The first complaint arrived on day two: "Your assistant told our agent that the return window is 30 days. It's 14. We've already processed three refunds we shouldn't have." We assumed it was a hallucination issue. LLMs invent things sometimes, that's a known risk. We logged it, bumped the temperature down, and kept going. This is the part I wish I could take back, because we'd just trained ourselves to dismiss the signal.

Day four, three more tickets. One client flagged that their assistant was quoting pricing from a superseded document: a file they'd explicitly deleted six months ago. That shouldn't be possible. Deleted documents were removed from the index at deletion time. We checked. The document wasn't in the index. The assistant had quoted it anyway.

That's when I started digging.

False assumptions

First assumption: the LLM was hallucinating. We increased top_k from 5 to 10 to give it more context, on the theory that better coverage would reduce fabrication. The wrong answers got worse.

Second assumption: the vector index had corrupted state. We ran a full integrity check on our pgvector tables.

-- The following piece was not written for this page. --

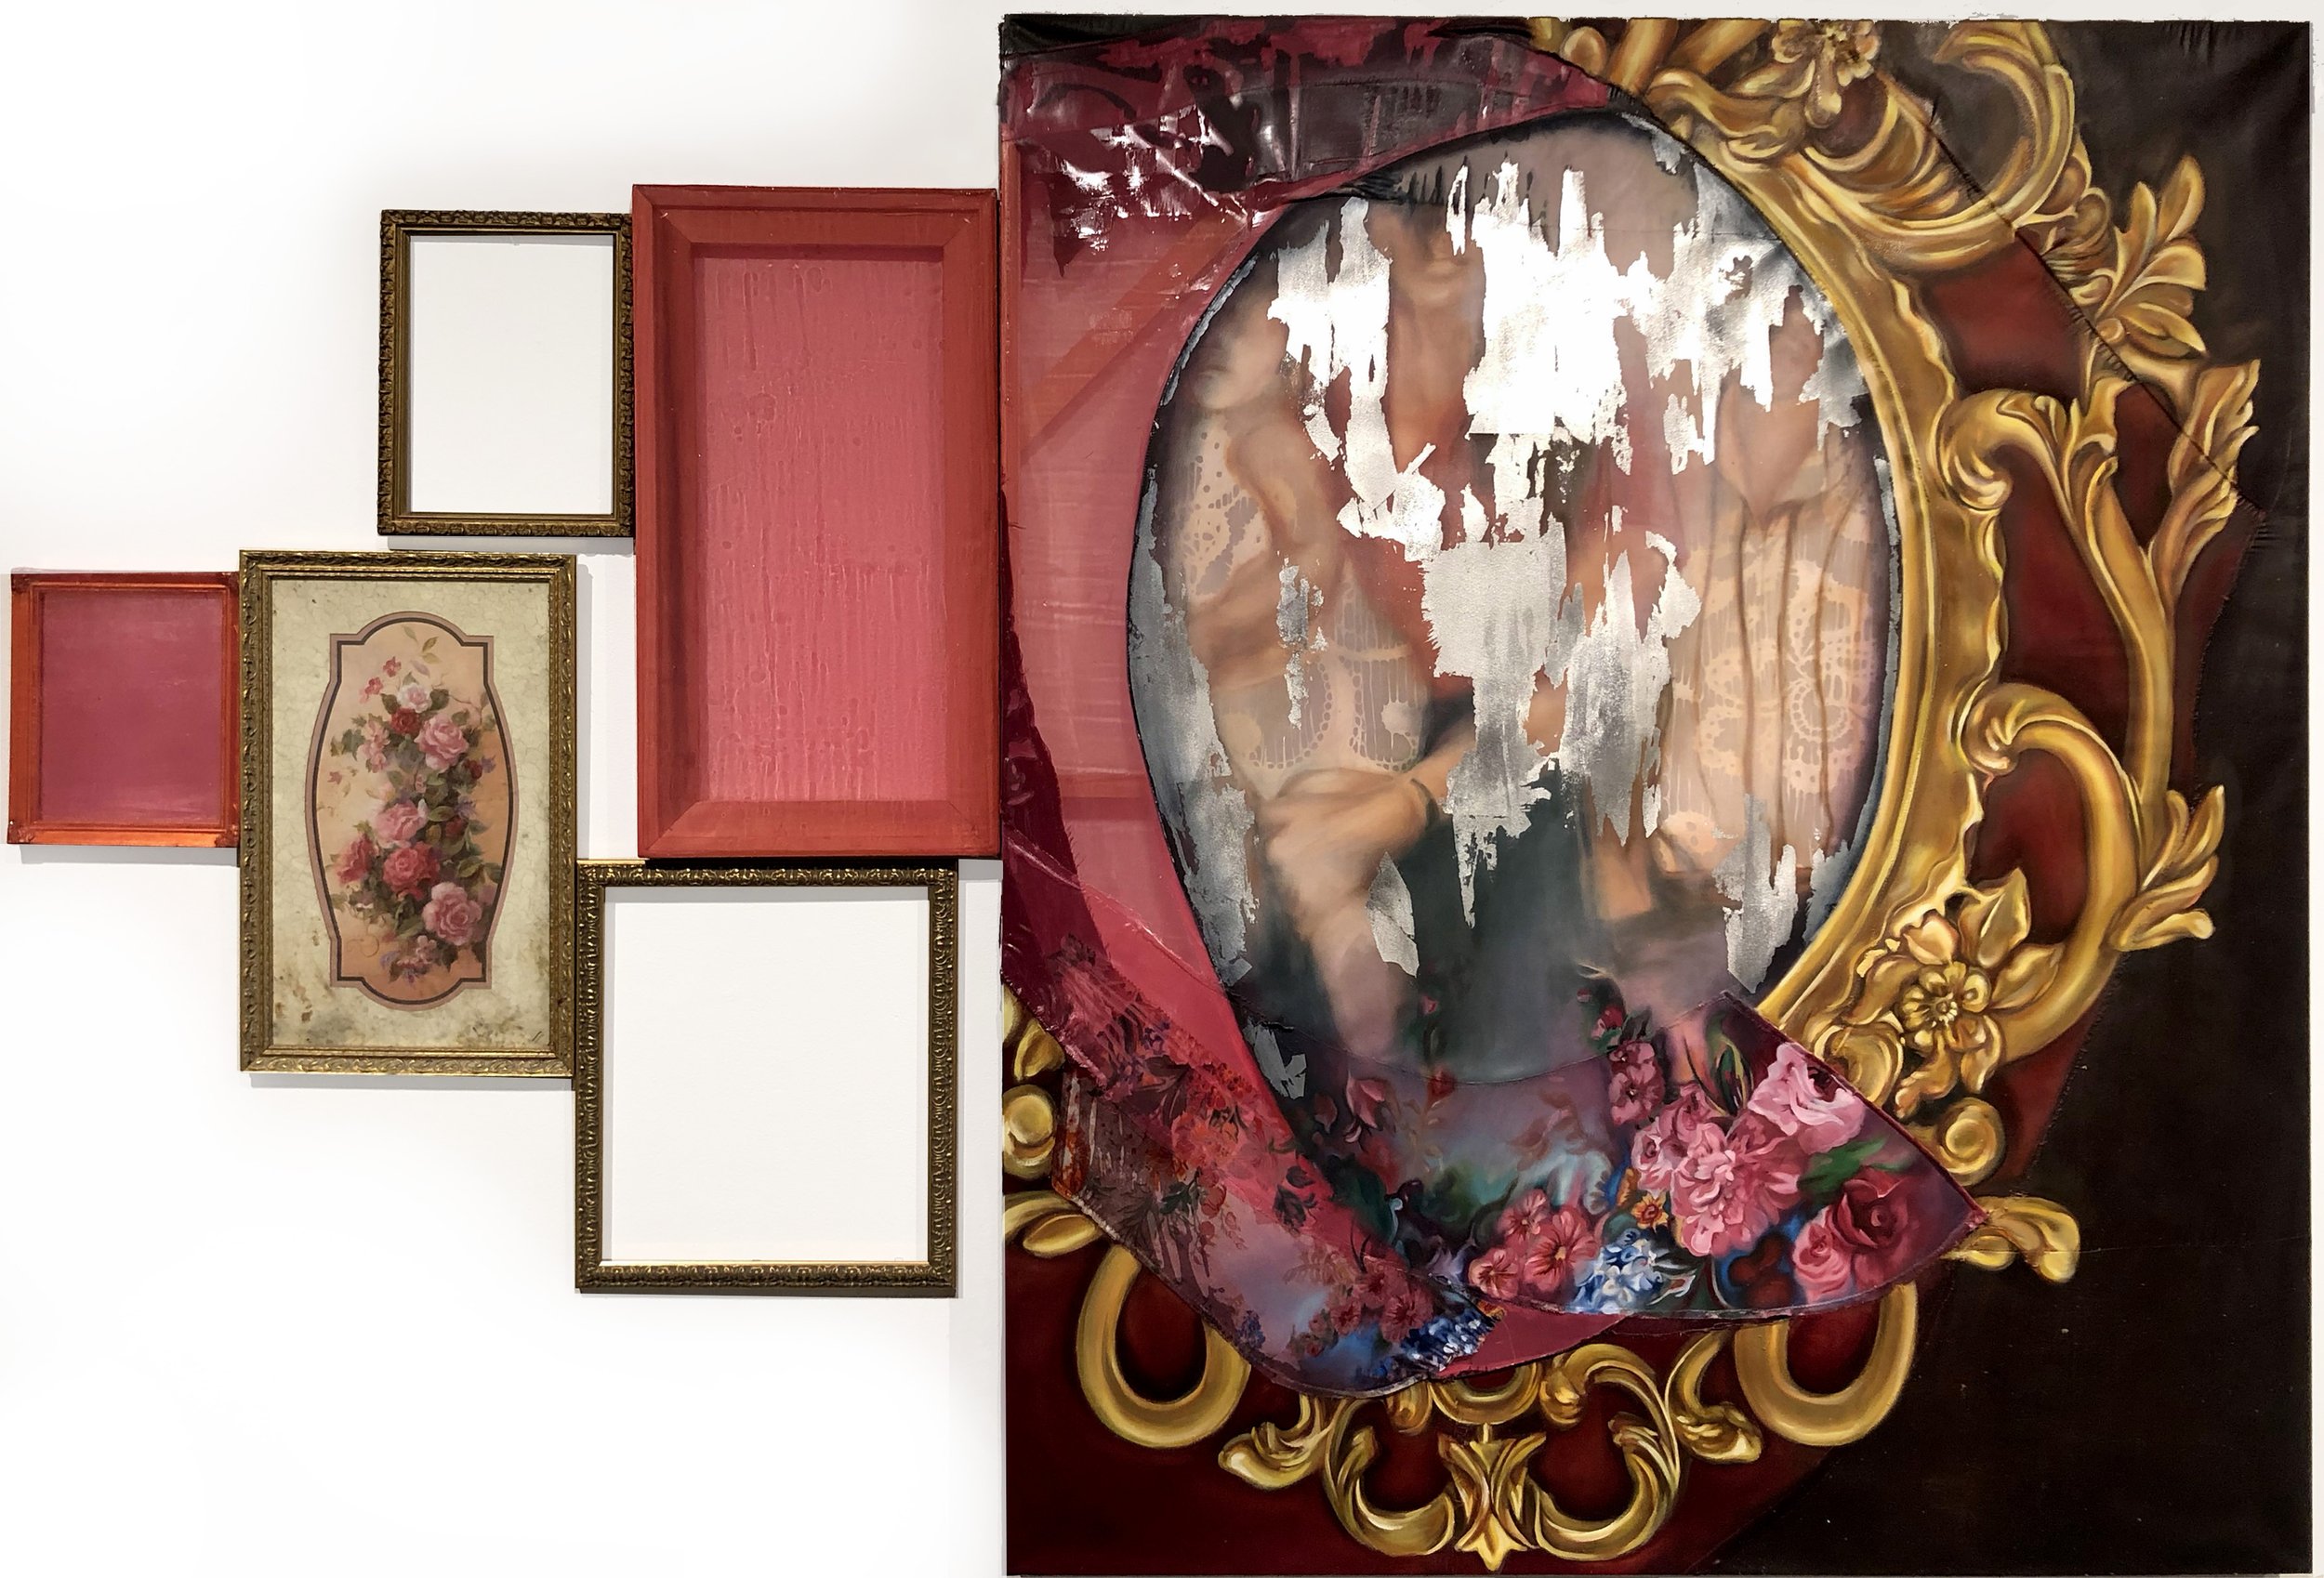 Strangers In Frame_sewn fabric, resin, found frames, silver leaf, oil paint_60x102 inches.jpg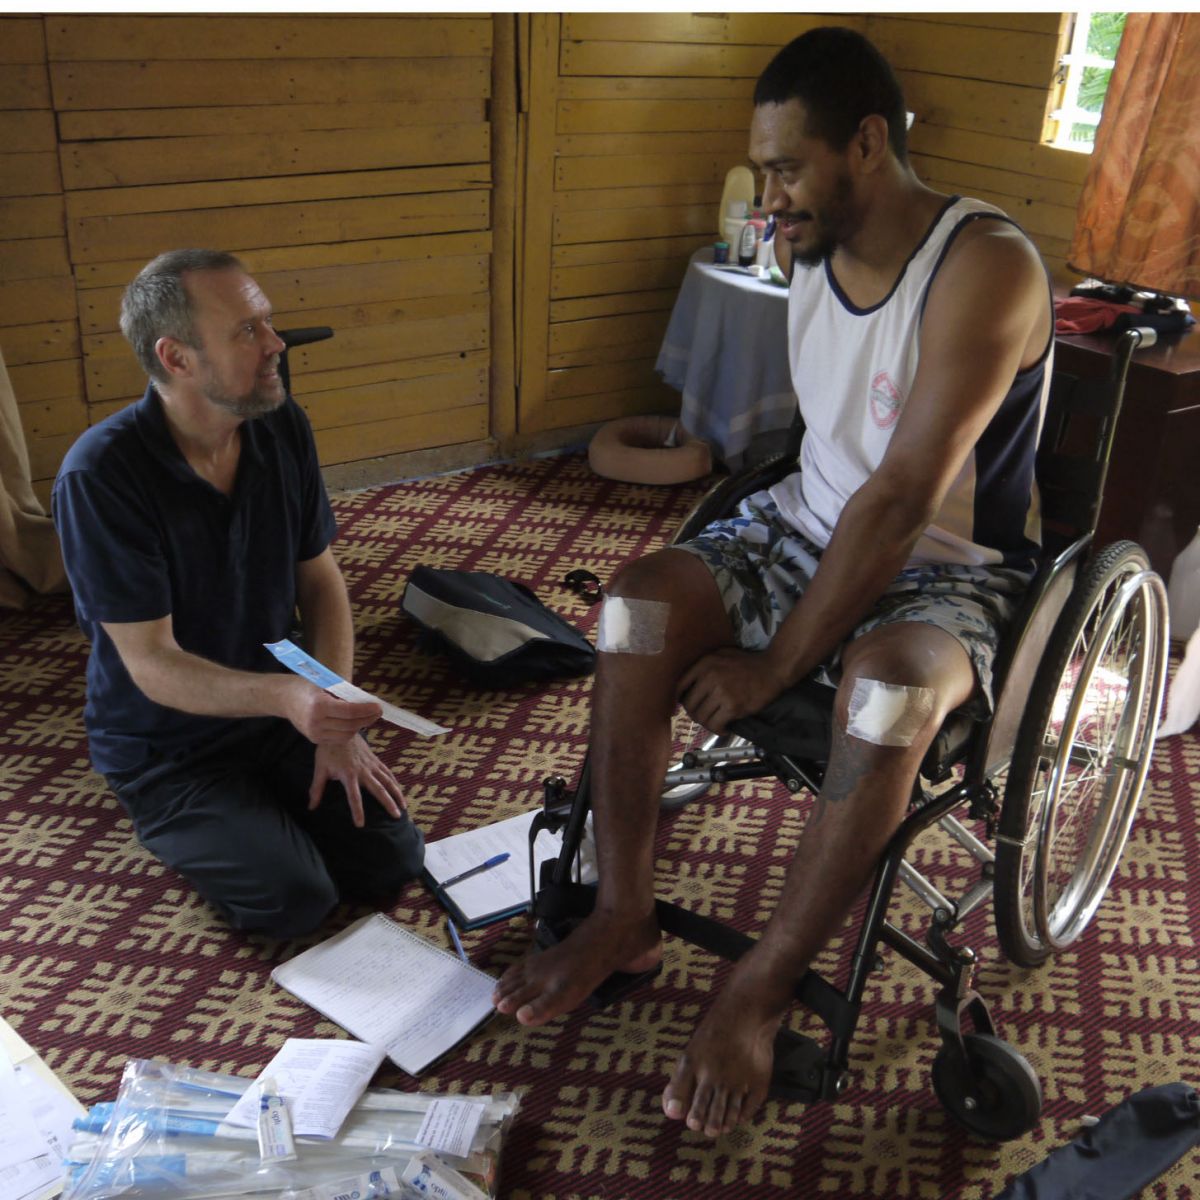 Motivation Australia staff present wheelchair user with Paralogic products in Fiji

Row counts matched document counts, embeddings were non-null, IDs were consistent. Nothing broken.

Third assumption: the problem was tenant-specific. We pulled retrieval logs for the complaining clients and compared them against a healthy baseline tenant. The retrieved document IDs looked plausible. We printed the actual document text and compared it to the query. That's when I got cold.

The retrieved documents were real. They were from the right tenant. They were indexed correctly. They just had nothing to do with the query.

Query: "What is the refund policy for digital downloads?"
Retrieved (rank 1, similarity: 0.81): "Q3 2024 infrastructure cost report — AWS Reserved Instance utilisation analysis..."

A similarity score of 0.81 is high. That document is nothing like the query. Something was deeply wrong with how similarity was being computed.

The investigation

I wrote a debug script to compare embeddings directly. Take a known query, embed it, pull the top 5 nearest neighbours from pgvector, print the cosine similarity alongside the document text. The numbers made no sense. High similarity scores (0.75 to 0.89) for documents that were semantically unrelated.

Then I checked a query against documents I knew should be highly similar, same paragraph with slight rewording. Similarity: 0.31. That's noise-level for text embeddings. Something was fundamentally broken in the vector space.

I diff'd the deployment config across the upgrade window.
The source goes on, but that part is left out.